» **Task inputs**
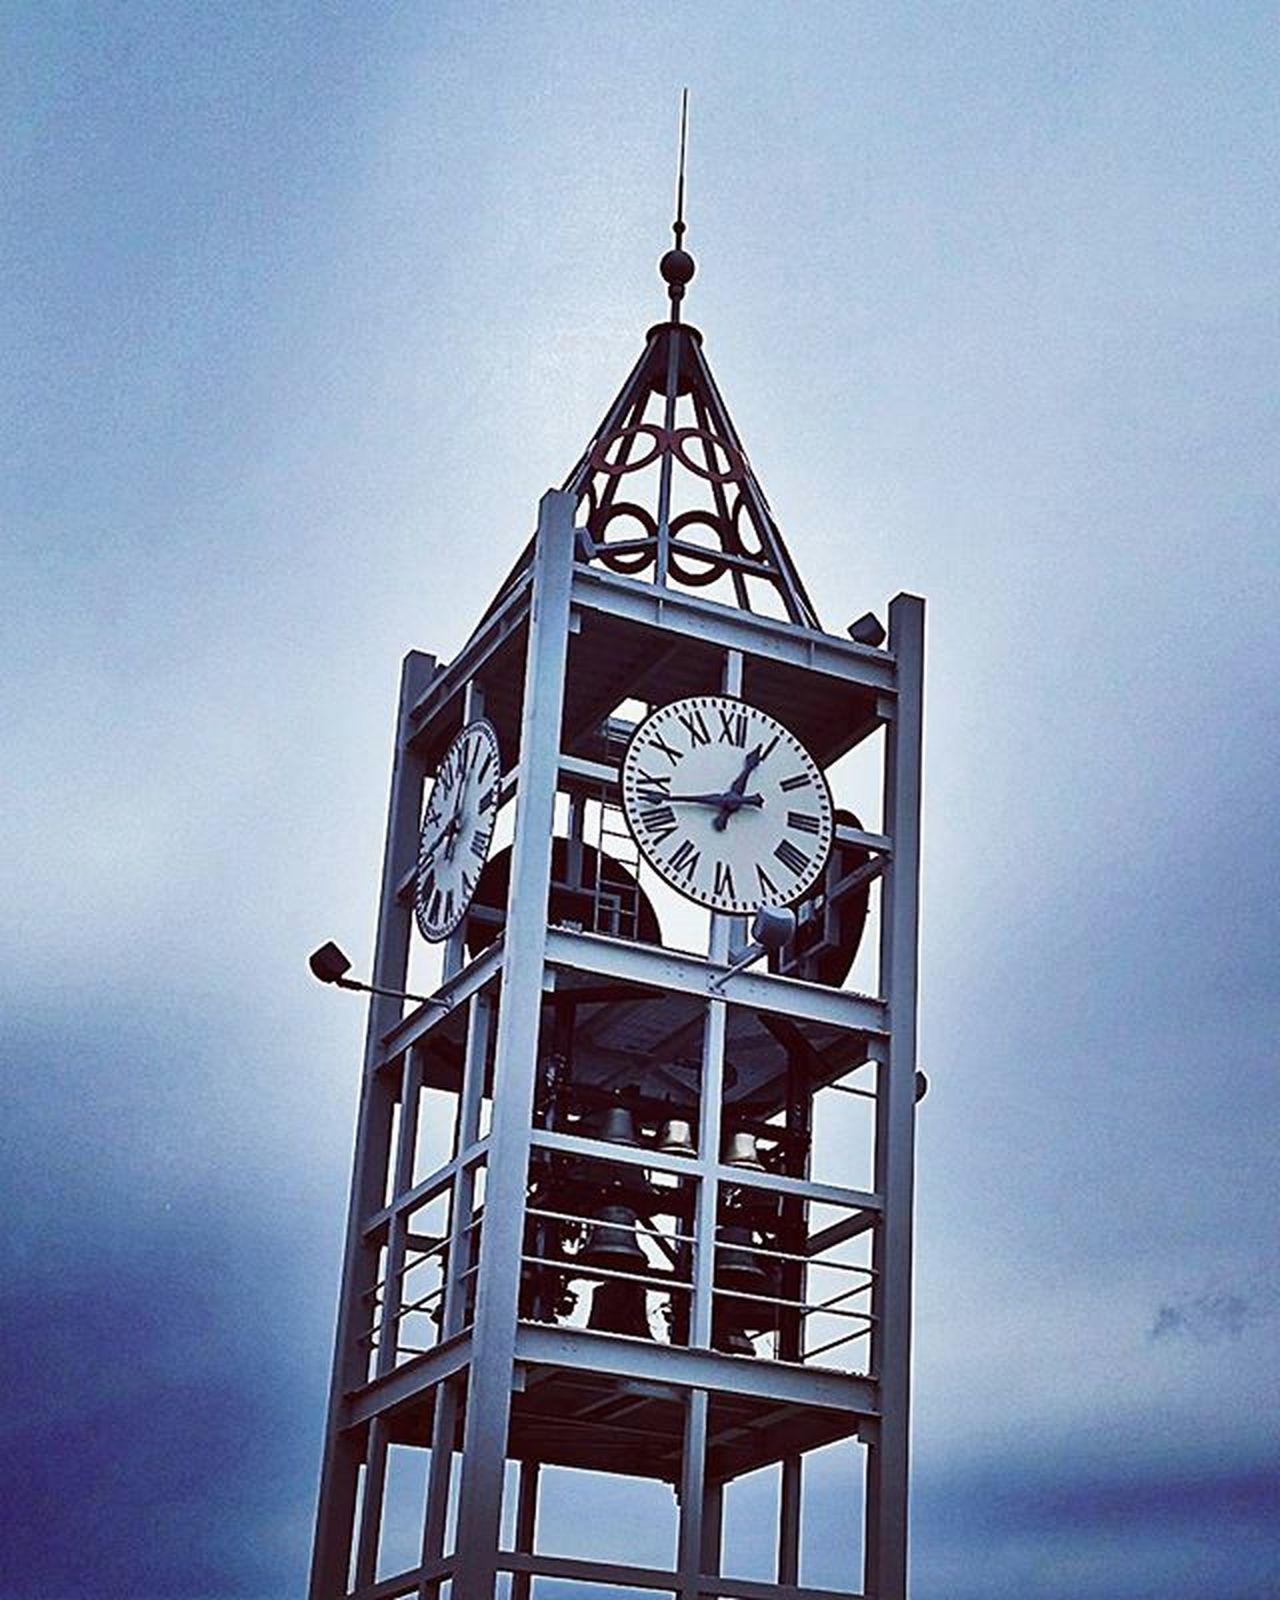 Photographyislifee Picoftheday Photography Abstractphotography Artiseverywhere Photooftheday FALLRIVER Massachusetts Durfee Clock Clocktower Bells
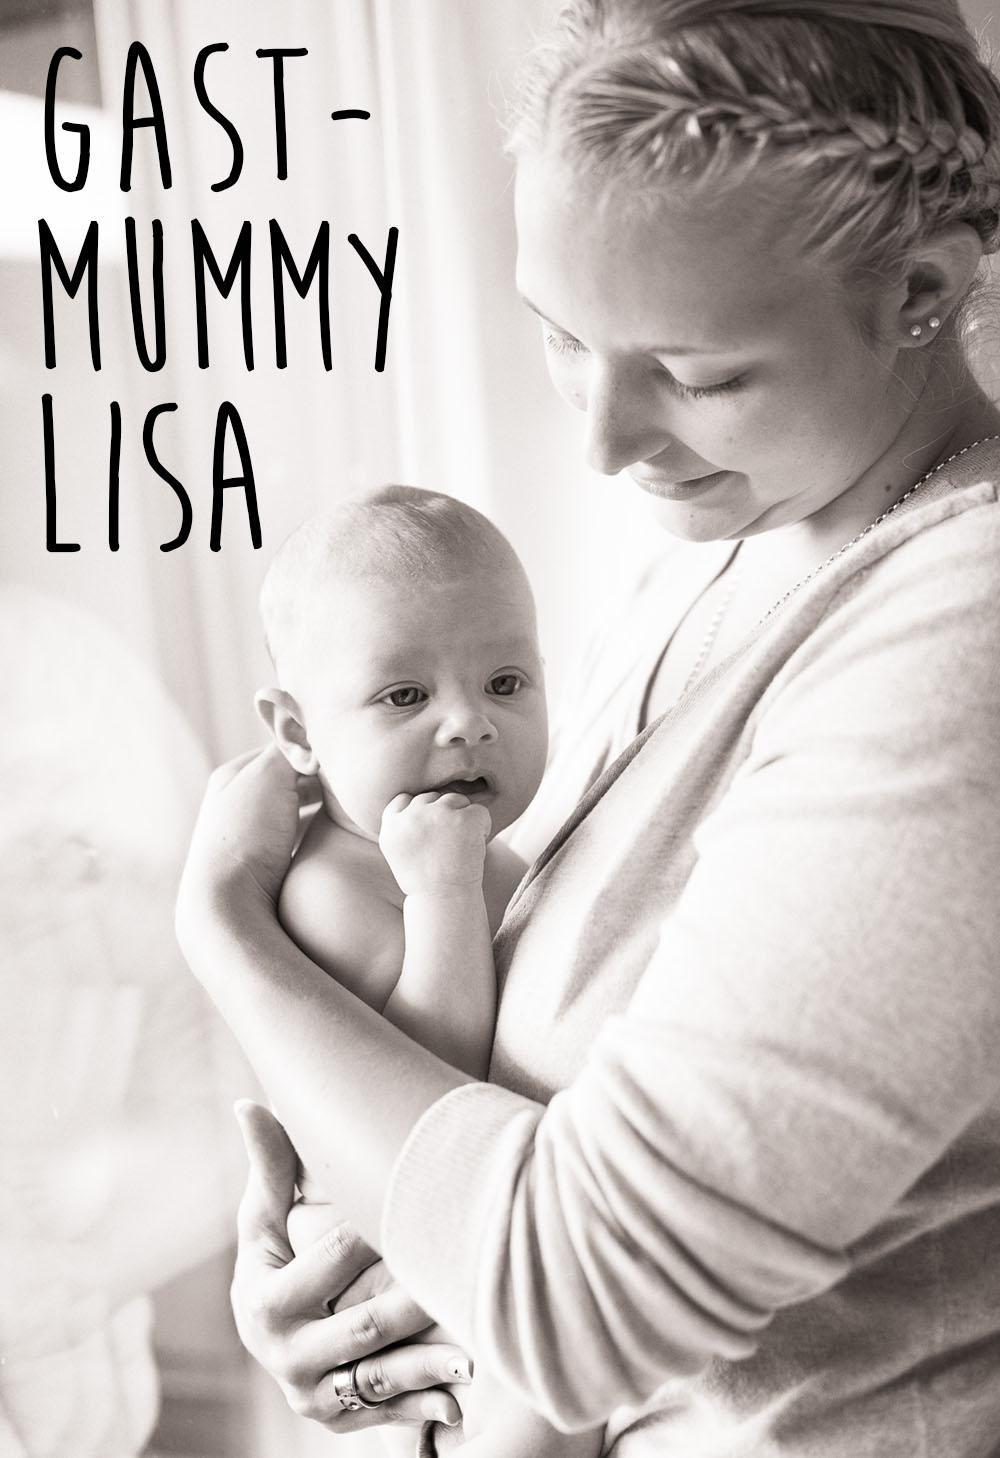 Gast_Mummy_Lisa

==

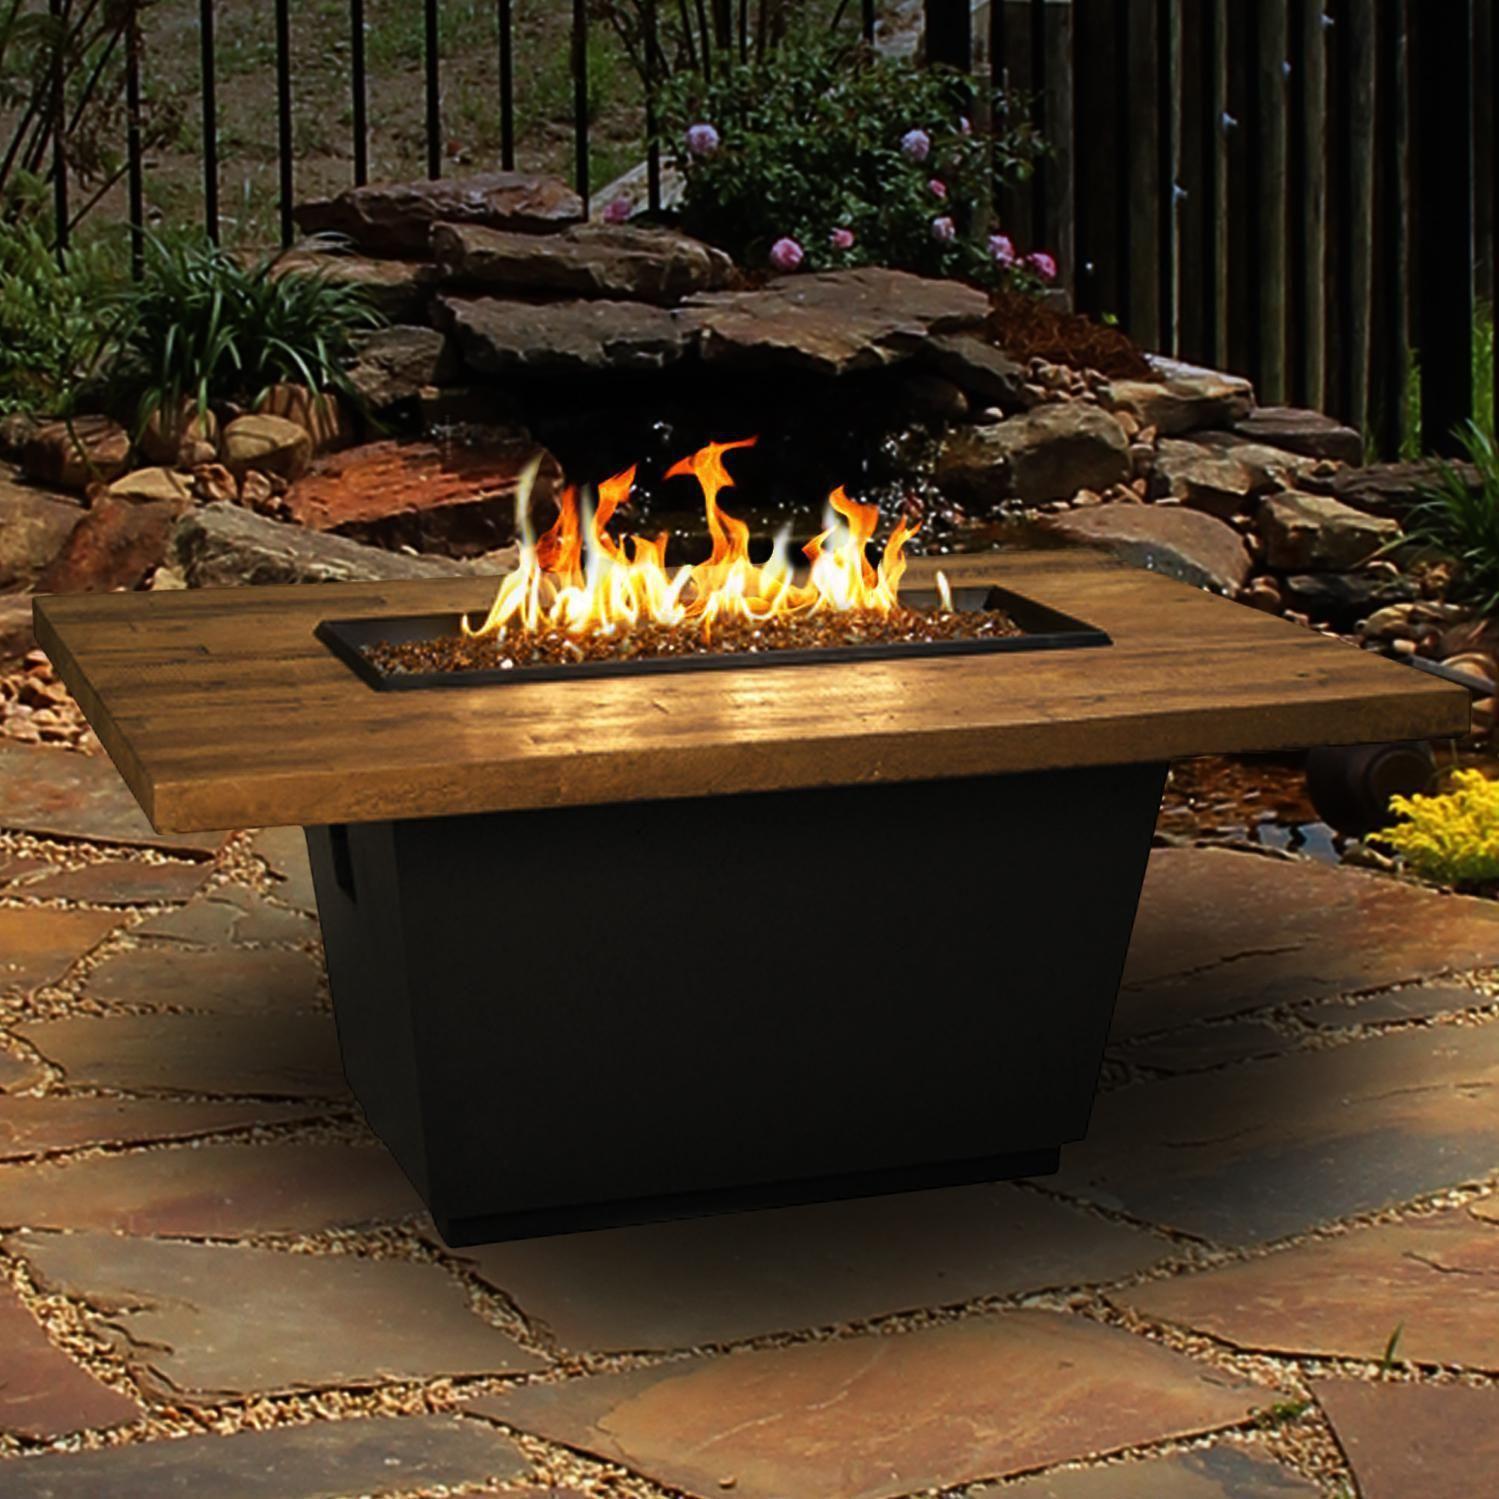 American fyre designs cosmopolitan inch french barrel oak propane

» **Your task**
Retype only the lines above from the one with "Photographyislifee Picoftheday Photography" through the one with "Gast_Mummy_Lisa", exactly and with both ends. Images stay out.

» **Solution below**
 Photographyislifee Picoftheday Photography Abstractphotography Artiseverywhere Photooftheday FALLRIVER Massachusetts Durfee Clock Clocktower Bells
 Gast_Mummy_Lisa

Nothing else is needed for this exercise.